Basically I belong to the latter. There's a Korean expression: "A big frog in a little pool," which means "A man of narrow outlook." It's very important to keep your own cultural heritage, but also you should look out the window to a wider world. With the development of transportation, communications and international exchanges, we don't belong to only Korea any more but to the world. If you want to keep your culture and not accept others, maybe you'd better move to a deep mountain valley that will be also influenced by other cultures someday.
I want myself and others to learn many things from various cultures. It doesn't mean to accept everything, but it means to choose some good and helpful things with your wise brain. It's not good to only avoid or only accept. For example, some people do not like Japanese culture in Korea because of past history, while others are crazy about that country's entertainment, animation, etc. I want people to think very carefully before they borrow from a new culture.
I'm a student at Dongguk, but at the same time I'm working for a multinational company and have some multinational friends, too. In this kind of community, one's own society or culture is not most important, but respecting and considering different cultures comes first. If you insist on only your own culture, all others will keep yours out.

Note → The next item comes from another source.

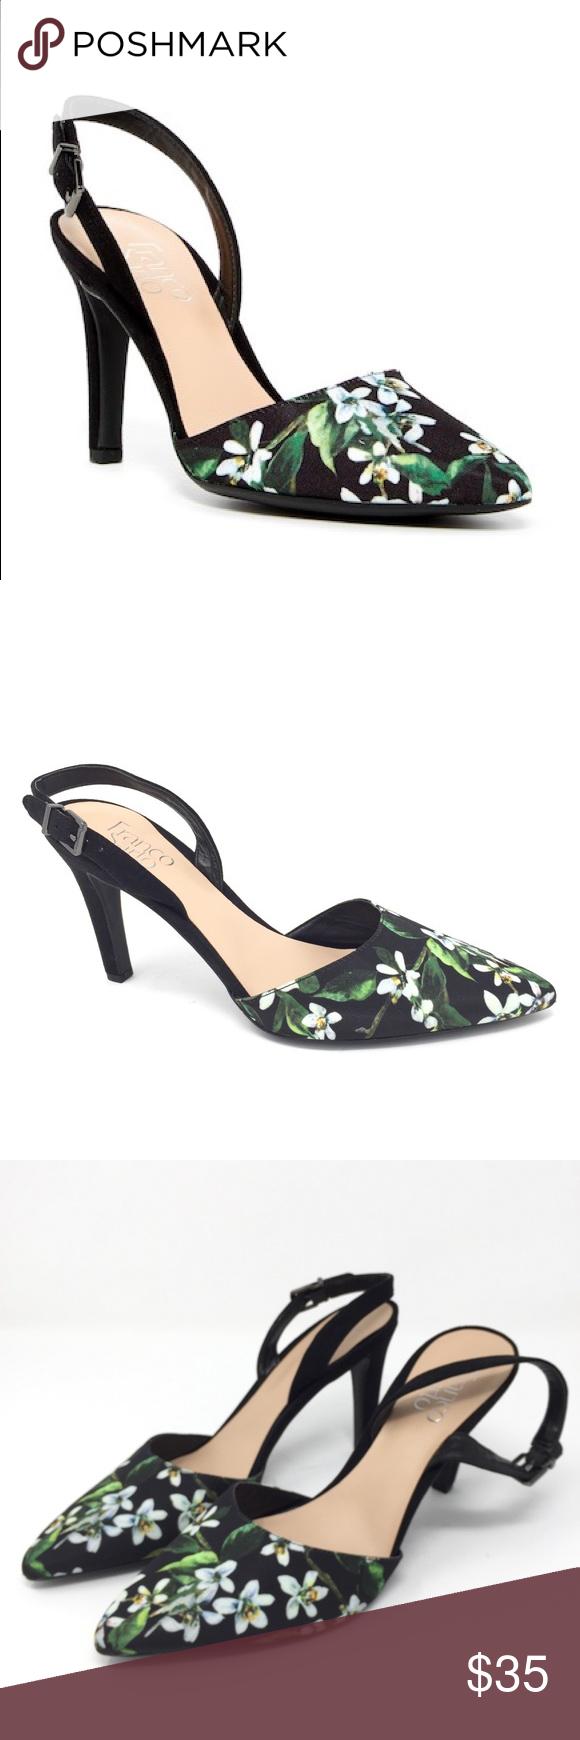 473021234bb Spotted while shopping on Poshmark  9.5M FRANCO SARTO Ablaze floral sling  back heels!  poshmark  fashion  shopping  style  Franco Sarto  Shoes

But as much as I enjoy meeting other cultures, I strongly feel that you should keep your originality. Do you know how to wear "Hanbok" skirt or pants? Do you know how to play any Korean traditional instrument? Do you know why "the portrait of a beauty" by Yoon Bok Shin is so great? Do you know the basic theory of Korean Confucianism? Can you say "Yes" to those questions? While we enjoy the great things of other cultures, our own culture's greatness is forgotten by ourselves. There has to be change if you want to be developed, and multiculturalism can be one way. But I wish all of us would keep it in mind that our roots are in our country and with our ancestors. And we should always be proud of our culture and be able to show how beautiful and unique it is to others from different cultures.
Those days I rarely think about this topic, and I feel grateful to have a chance to think and write about it in this essay competition. Maybe I shall try to learn a Korean traditional dance while wearing a beautiful "Hanbok" during this winter vacation.
The writer is a freshman in Division of Business Administration.